A Book Review
David Hendin’s Guide to Biblical Coins (6th ed.) is the latest expansion of a book first published in 1976 as Guide to Ancient Jewish Coins. It is a detailed numismatic reference work covering Judaean coins dating from the 4th century BC to the 2nd century AD. Changes warranting this new edition include the removal and addition of various coins along with updates to reflect scholarly advances in the field. The adjective “biblical” in the book’s title indicates that Hendin is concerned with coins from the time of the Bible: Old Testament, New Testament, and also the Apocrypha (1). And it has tremendous value for Bible students and numismatists alike. There is practical advice on legally collecting coins. There are enjoyable autobiographical accounts of the author’s coin collecting exploits. And there are helpful references to rabbinical literature that shed further light on these coins. Readers will also find explanations of how coins were produced, dated, and valued. The chapter titles provide an overview of the book’s scope. (I have included the subheadings for the chapter on NT coins since this was my primary interest in the book.)
Chapter 1: Biblical Coins
Chapter 2: Scale Weights to Coinage
Chapter 3: Persian Period: Philistia
Chapter 4: Persian Period: Samaria and Judah
Chapter 5: Ptolemaic and Seleucid Coins
Chapter 6: Hasmonean Dynasty
Chapter 7: Herodian Dynasty
Chapter 8: The Roman Governors of Judea
Chapter 9: The Jewish War
Chapter 10: Bar Kokhba Revolt
Chapter 11: Judea and Rome
Chapter 12: New Testament Coins
- Coins of Jesus and His World
- The Poor Widow’s Mites
- Sheqels of Tyre
- The 30 Pieces of Silver
- The Coin in the Fish’s Mouth
- The Tribute Penny
- The Travels of Paul of Tarsus
- Seven Churches of Asia Minor
Chapter 13: Related Issues
There is much in this book that will appeal to numismatists interested in the coins of the biblical world, particularly for those covering the Old Testament and intertestamental period. Hendin’s coverage is thorough, but his treatment of New Testament coins (Chapter 12) is slim and mixed. For the lepton, he devotes a disproportionate amount of attention to explaining the word choices of the King James Bible translators. At the same time, I did find this chapter helpful for its identification of the lepton as a prutah or half-prutah. But this book’s audience would be more likely to prefer some of Hendin’s more criticial work, such as found in his treatment of the “Sheqels of Tyre.” Categorizing these coins according to their KJV terminology is also confusing, as evidenced by “Farthing.” Under this heading the author briefly mentions the assarion and quadrans because both are translated with the same English word in the KJV.
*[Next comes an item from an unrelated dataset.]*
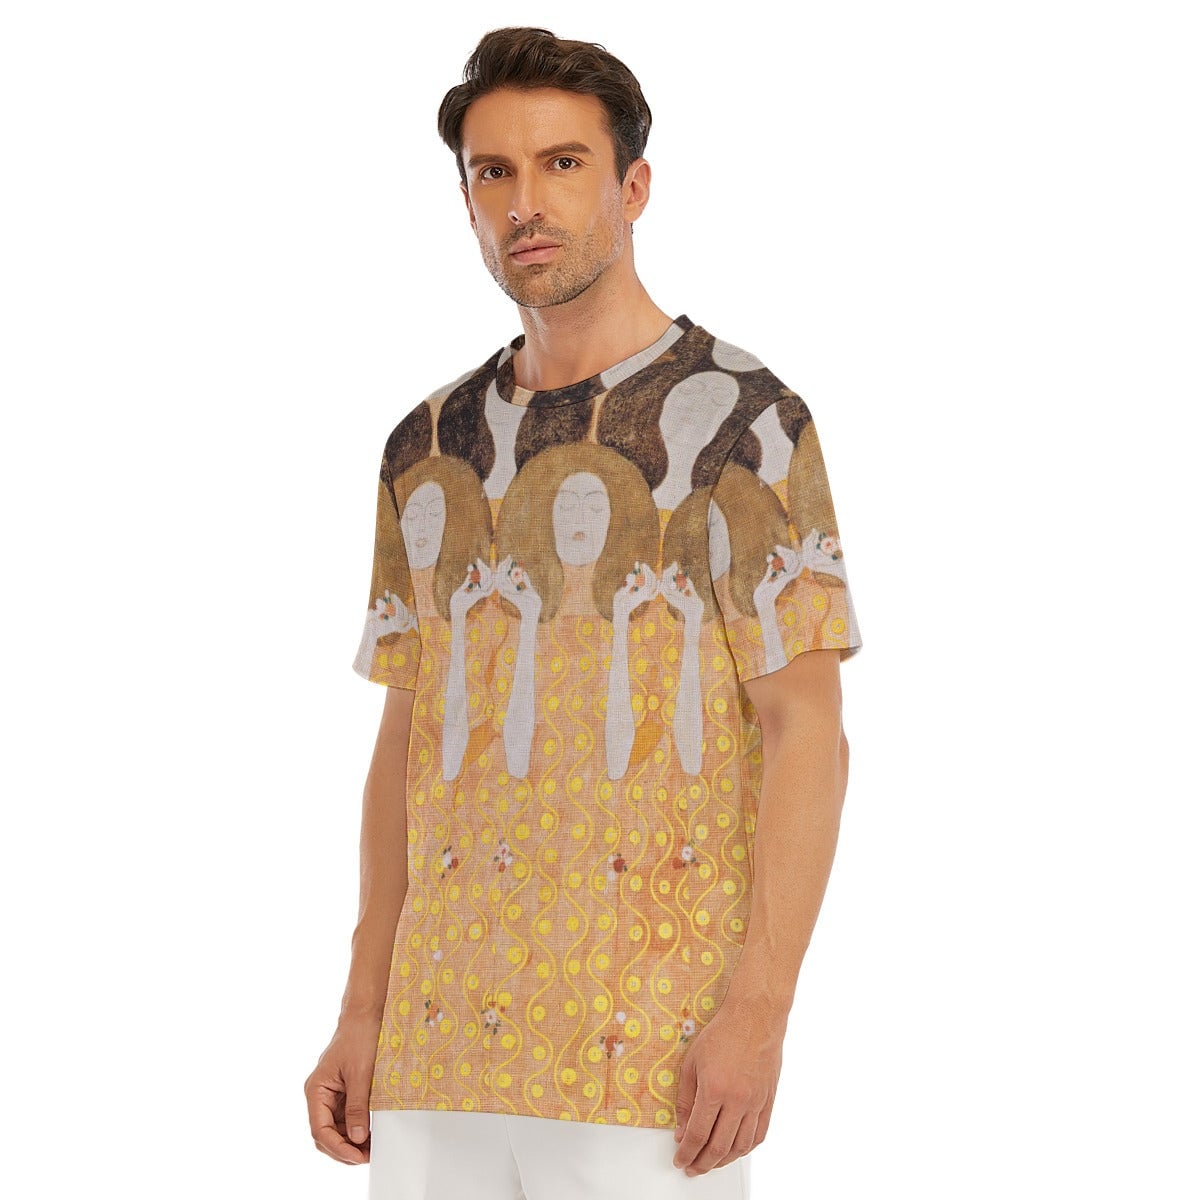 Gustav Klimt’s Beethoven Frieze T-Shirt

This book also includes 69 plates of coins featuring images of 681 coins. These can be cross-referenced with other editions than to a concordance also included at the end.
David Hendin is to be commended for years of interest and study in his subject matter. It is clear throughout the book, interspersed with many personal anecdotes, that he cares deeply about this discipline. Numismatists interested in the coins of Israel will find a rich source of information in this book. Bible students interested specifically in the coins in the Bible will also glean some useful data, but they will probably need to look to other resources for more information.
Special thanks to the American Numismatic Society for a free digital copy of this book. This did not affect my thoughts in any way so far as I know.